Reputation: 360
I have some text that looks like this:
(something1)something2
However something1 and something2 might also have some parentheses inside them such as
(some(thing)1)something(2)
I want to extract something1
(including internal parentheses if there are any) to a variable. Since I can count on the text always starting with an opening parentheses, I'm hoping that I can do something where I match the first parenthesis to the correct closing parentheses, and extract the middle.

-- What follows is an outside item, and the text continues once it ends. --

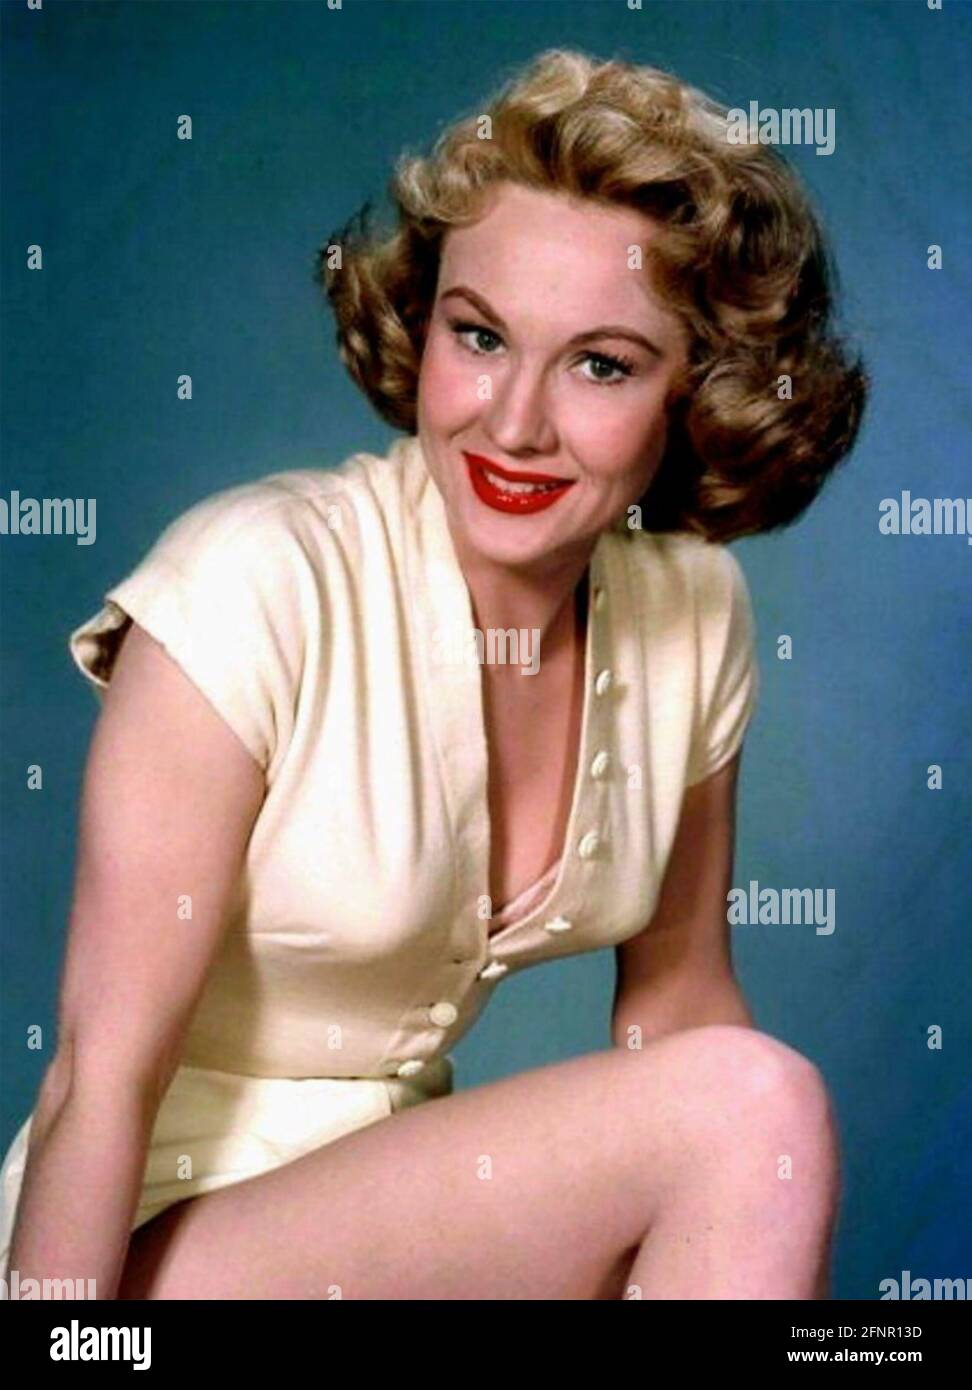 VIRGINIA MAYO (1920-2005) actrice américaine de film vers 1955 Banque D'Images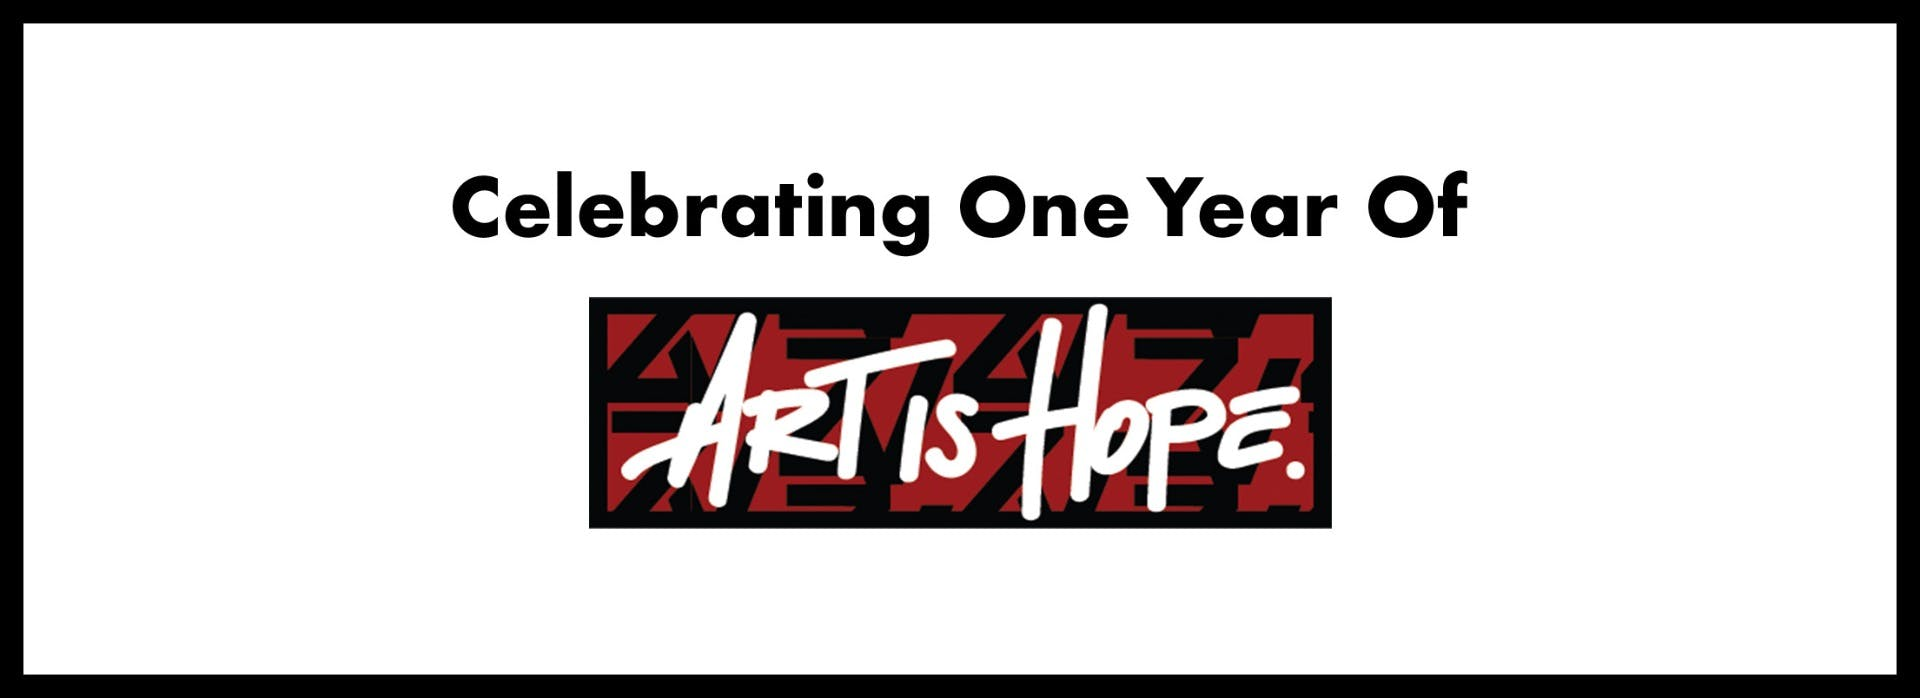 Art is hope banner image displaying the artist Daphne Arthur

Everything I have tried so far has the potential to match the wrong ending parentheses.
Upvotes: 3
Views: 3735
Reputation: 63912
If you have perl, the:
perl -MText::Balanced -nlE 'say [Text::Balanced::extract_bracketed( $_, "()" )]->[0]' <<EOF
(something1)something2
(some(thing)1)something(2)
(some(t()()hing)()1)()something(2)
EOF
will prints
(something1)
(some(thing)1)
(some(t()()hing)()1)
Upvotes: 4
Reputation: 1495
awk
can do it:
#!/bin/awk -f
{
for (i=1; i<=length; ++i) {
if (numLeft == 0 && substr($0, i, 1) == "(") {
leftPos = i
numLeft = 1
} else if (substr($0, i, 1) == "(") {
++numLeft
} else if (substr($0, i, 1) == ")") {
++numRight
}
if (numLeft && numLeft == numRight) {
print substr($0, leftPos, i-leftPos+1)
next
}
}
}
Input:
(something1)something2
(some(thing)1)something(2)
Output:
(something1)
(some(thing)1)
Upvotes: 1
Reputation: 89557
You can do it with perl:
echo "(some(thing)1)something(2)" | perl -ne '$_ =~ /(\((?:\(.*\)|[^(])*\))|\w+/s; print $1;'
Upvotes: 2
Reputation: 360
Since this is apparently something that is impossible with regular expressions, I have resorted to pickup the the characters 1 by 1:
first=""
count=0
while test -n "$string"
do
char=${string:0:1} # Get the first character
if [[ "$char" == ")" ]]
then
count=$(( $count - 1 ))
fi
if [[ $count > 0 ]]
then
first="$first$char"
fi
if [[ "$char" == "(" ]]
then
count=$(( $count + 1 ))
fi
string=${string:1} # Trim the first character
if [[ $count == 0 ]]
then
second="$string"
string=""
fi
done
Upvotes: 2